Key Person Life Insurance
Key person life insurance helps protect companies against financial losses associated with the death of a key staff member. A key employee is defined as someone who has the knowledge and skills needed to contribute "significantly" to a company's income. The employer typically owns the policy and pays the full premium; as a result, it's the employer who benefits financially from a covered individual's death.
What Companies Have Dead Peasant Insurance?
Dead peasant insurance isn't as common today as it was in the past due to regulatory changes. Under the Pension Protection Act enacted in 2006, it's illegal for companies to take out life insurance policies on their employees without the employees' consent. Consent must be obtained in writing from each employee who will be covered under this type of policy.
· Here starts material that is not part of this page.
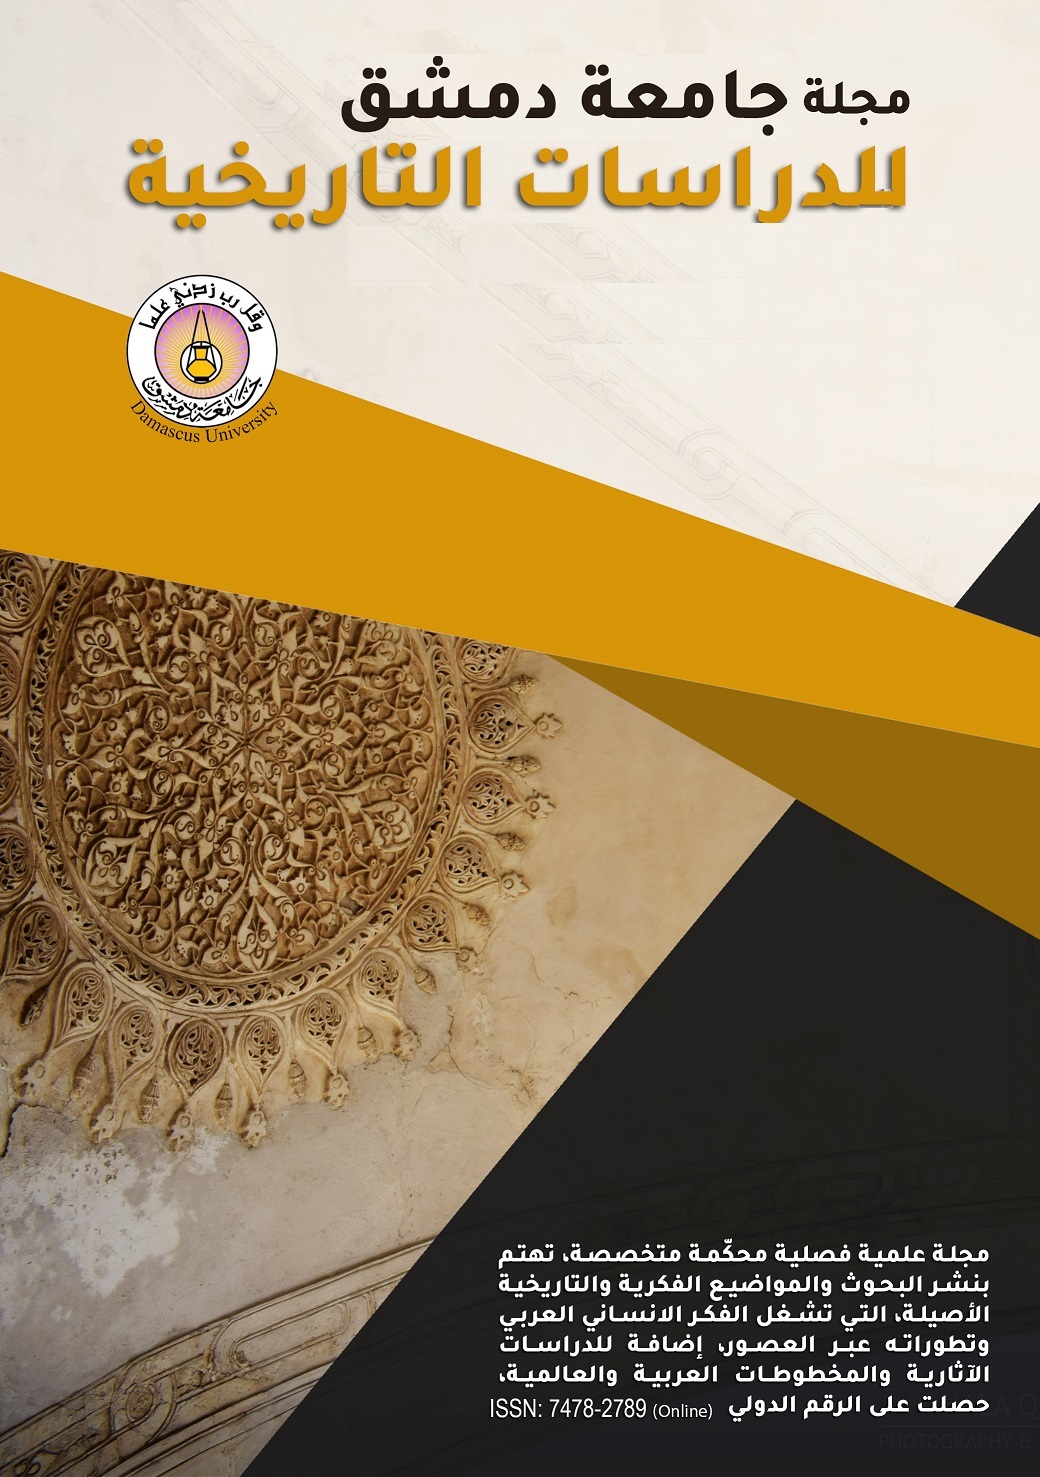 					معاينة مجلد 142 عدد 3 (2022): مجلة جامعة دمشق للدراسات التاريخية

If an employee refuses consent, the employer isn't allowed to fire the employee or take any other adverse action based on the refusal. Even if all employees consent, employers are only allowed to take out corporate-owned life insurance policies on the top 35% of their highest-paid workers. Before these regulations went into effect, many of the top companies in the United States had dead peasant policies on their employees, including Walmart, Winn-Dixie and Dow Chemical.
How Does Dead Peasant Insurance Work?
Dead peasant insurance works much like traditional life insurance, except the employer purchases the policy and pays the premiums. Corporate-owned life insurance policies are available in term and permanent policies, just like other types of life insurance. Term life insurance provides coverage for a set amount of time. If a covered employee dies during the coverage period, the company receives a lump sum of money. Unless the employer pays to renew the policy, it expires at the end of the term.
Corporate-owned life insurance may also be set up under a whole-life or universal life policy, which are both forms of permanent life insurance. Whole-life insurance is effective for as long as the employee is alive, provided the company continues to pay the premium and doesn't cash in the policy. Universal life remains in effect until it matures, as long as the cash value of the policy remains higher than $1. The maturity date is usually when the covered individual turns 95 or 100.
Reasons to Buy Dead Peasant Insurance
Before the Pension Protection Act went into effect, many employers used corporate-owned life insurance policies to reduce their tax liability. They would purchase life insurance on employees and then deduct the premiums, reducing their taxable income. Under the Pension Protection Act, employers can no longer deduct certain expenses unless a covered employee worked for the company for the year prior to his or her death.
Today, one of the main advantages of dead peasant insurance is that the proceeds can be used to hire and train new employees to replace key personnel who have passed away. Depending on the type of policy purchased, employers may also be able to borrow against the value of the insurance, bringing in funds needed to launch new projects.